EXERCISE DIRECTIONS:
Drop every image, then reproduce the data exactly as given.

SUPPLIED MATERIAL:
- Opening Delimiter -
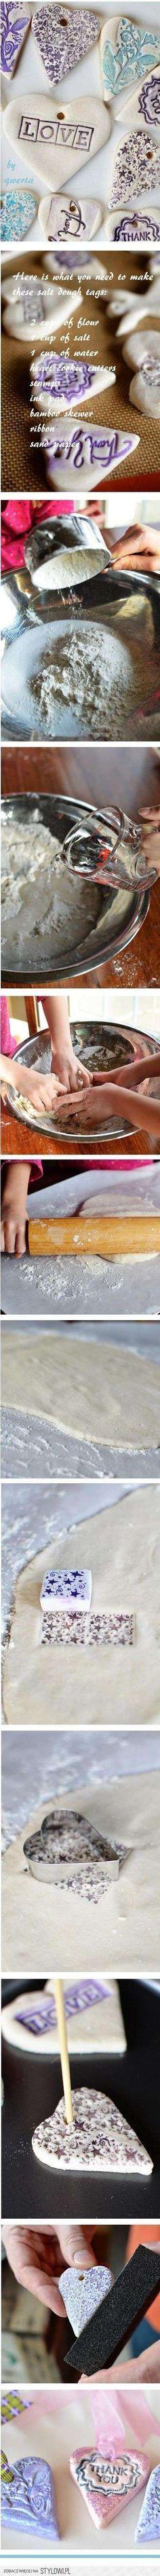 #KatieSheaDesign ♡❤ ❥▶ Salt Dough Hearts #DIY #Crafts for a special day.
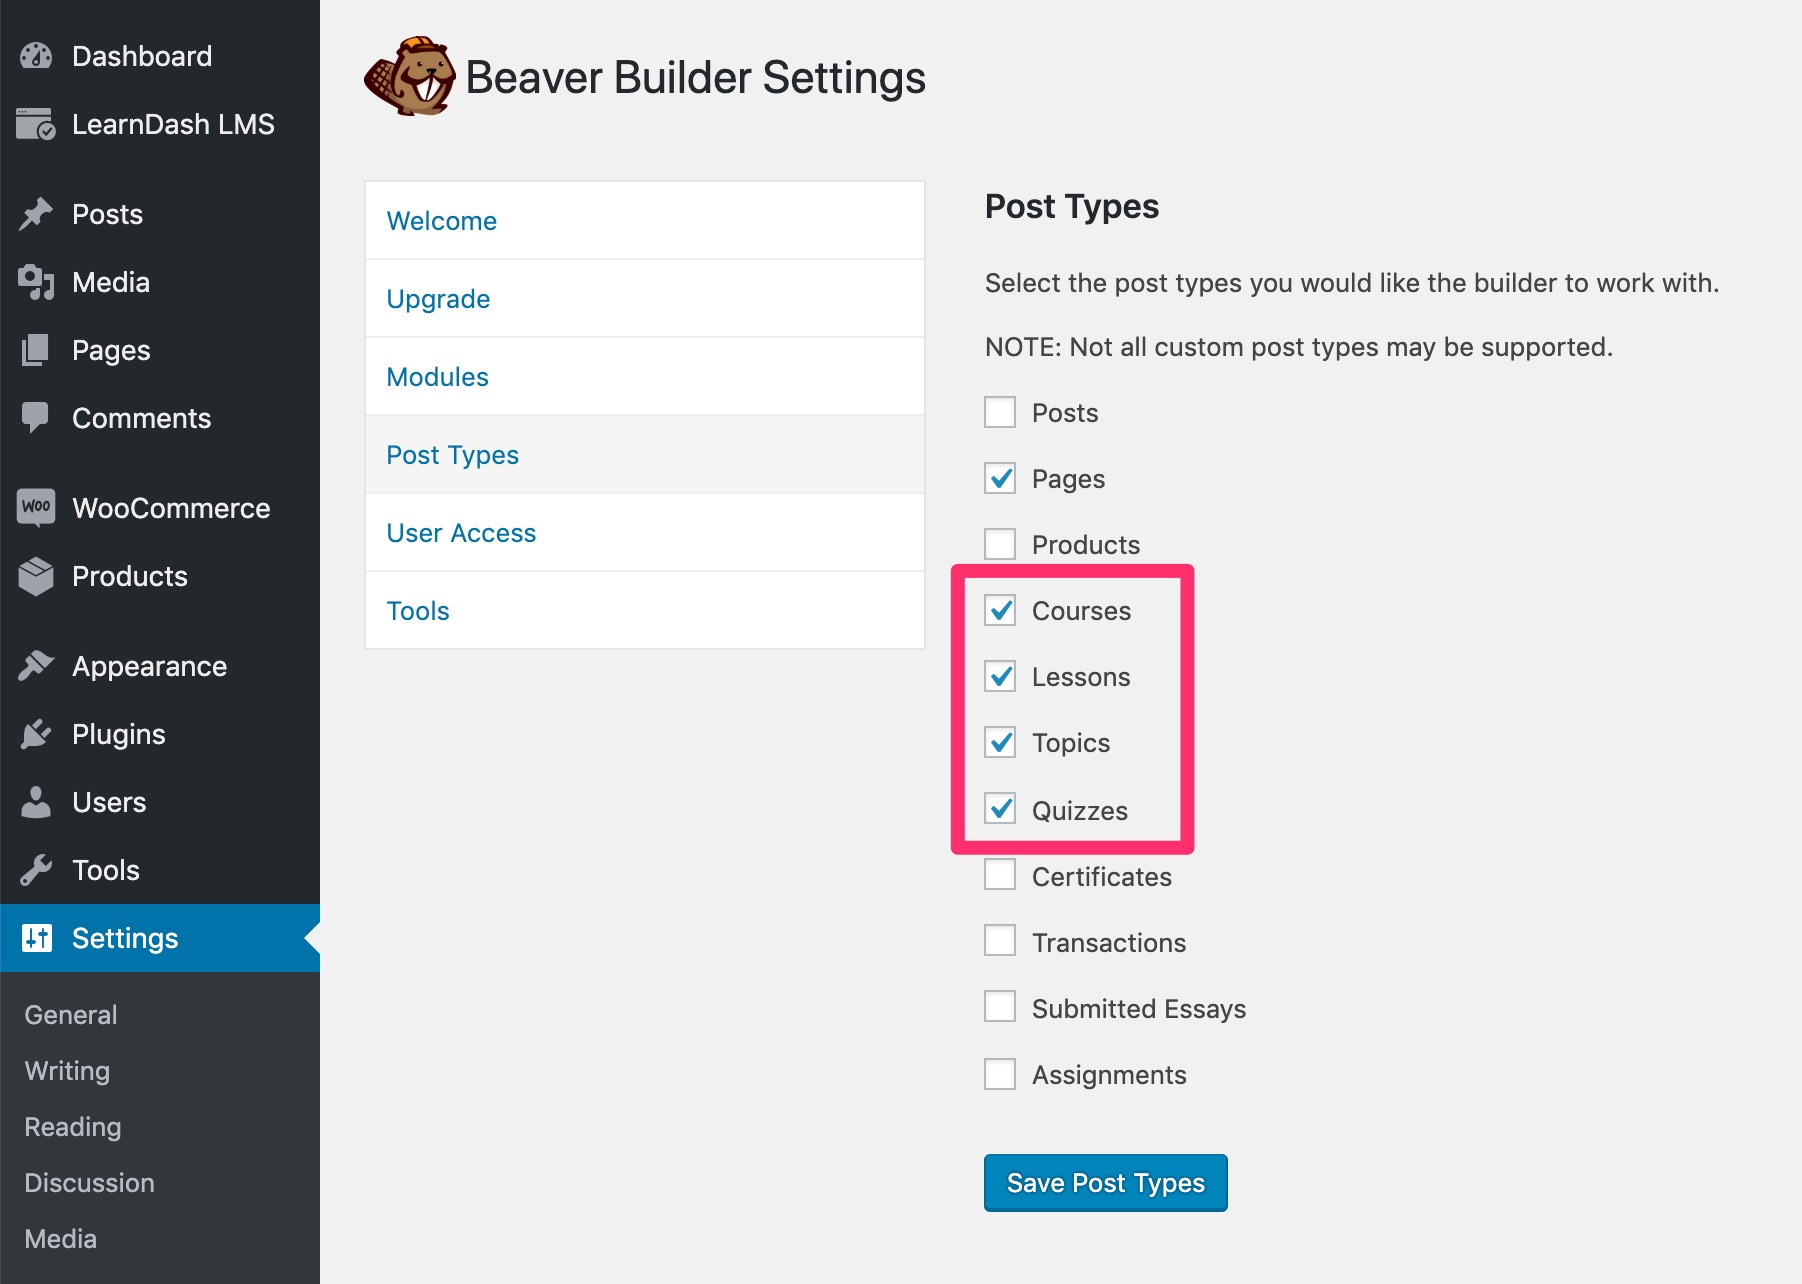 Enable LearnDash post types in Beaver Builder
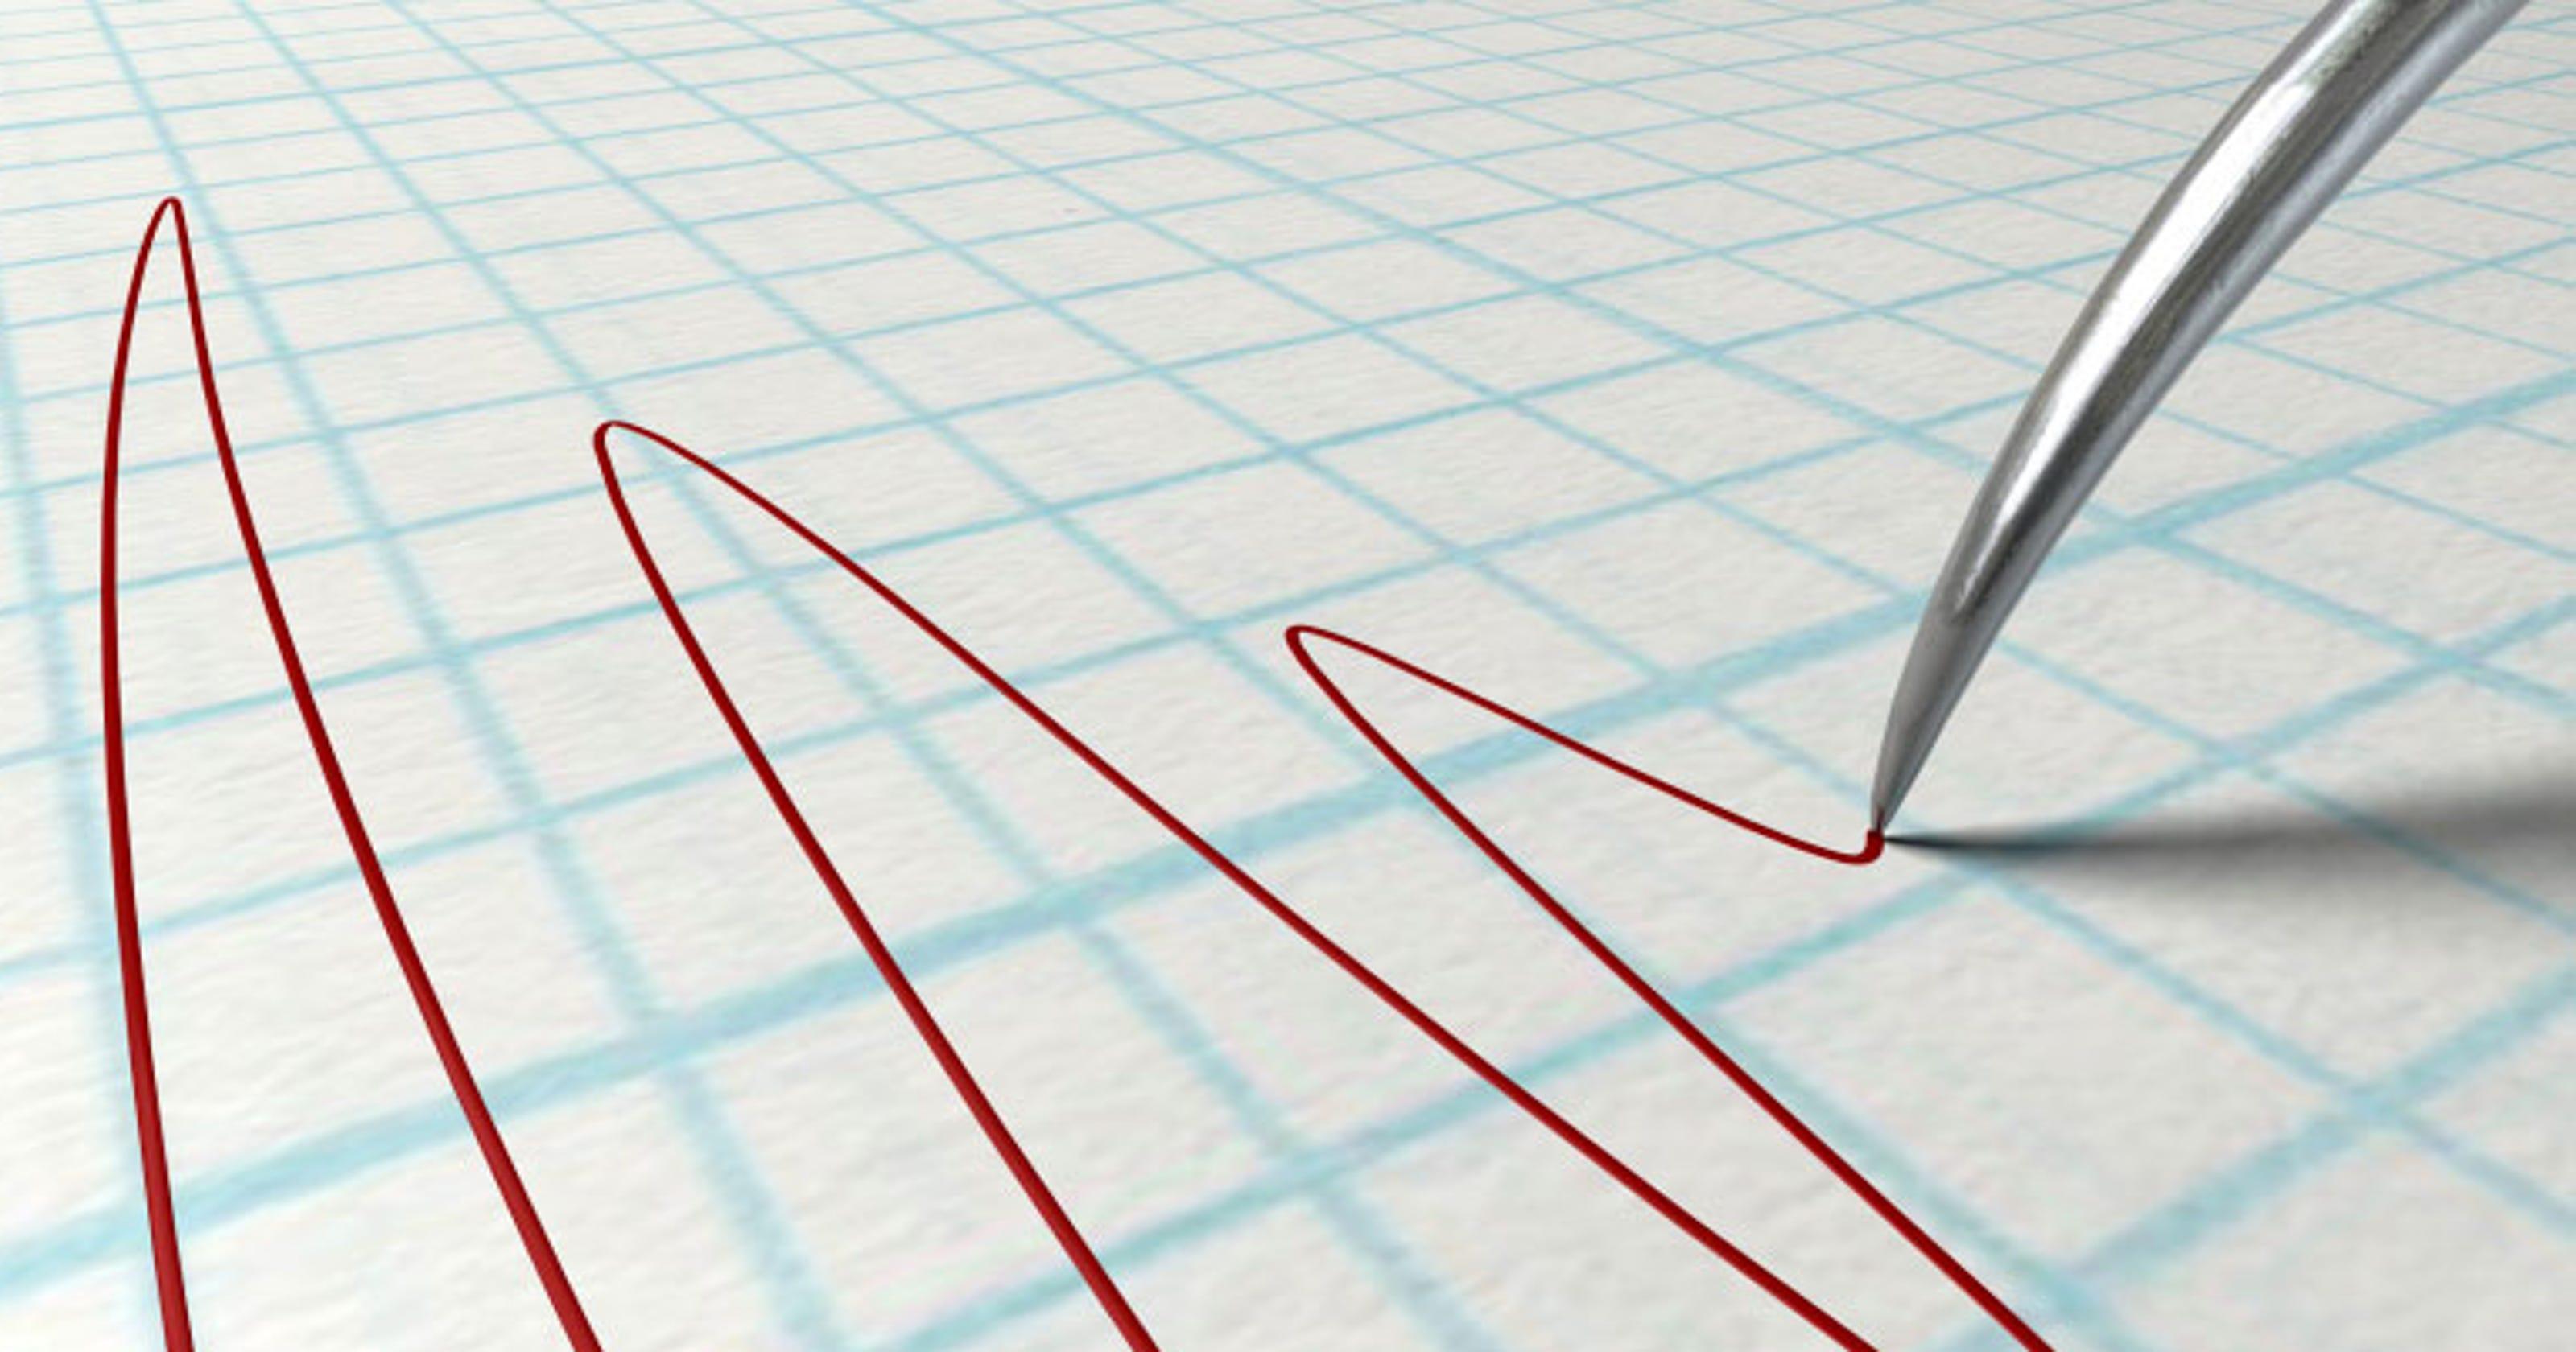 A brief history of earthquake activity in Arizona
- Closing Delimiter -
RESULT OF THE EXERCISE:
 #KatieSheaDesign ♡❤ ❥▶ Salt Dough Hearts #DIY #Crafts for a special day.
 Enable LearnDash post types in Beaver Builder
 A brief history of earthquake activity in Arizona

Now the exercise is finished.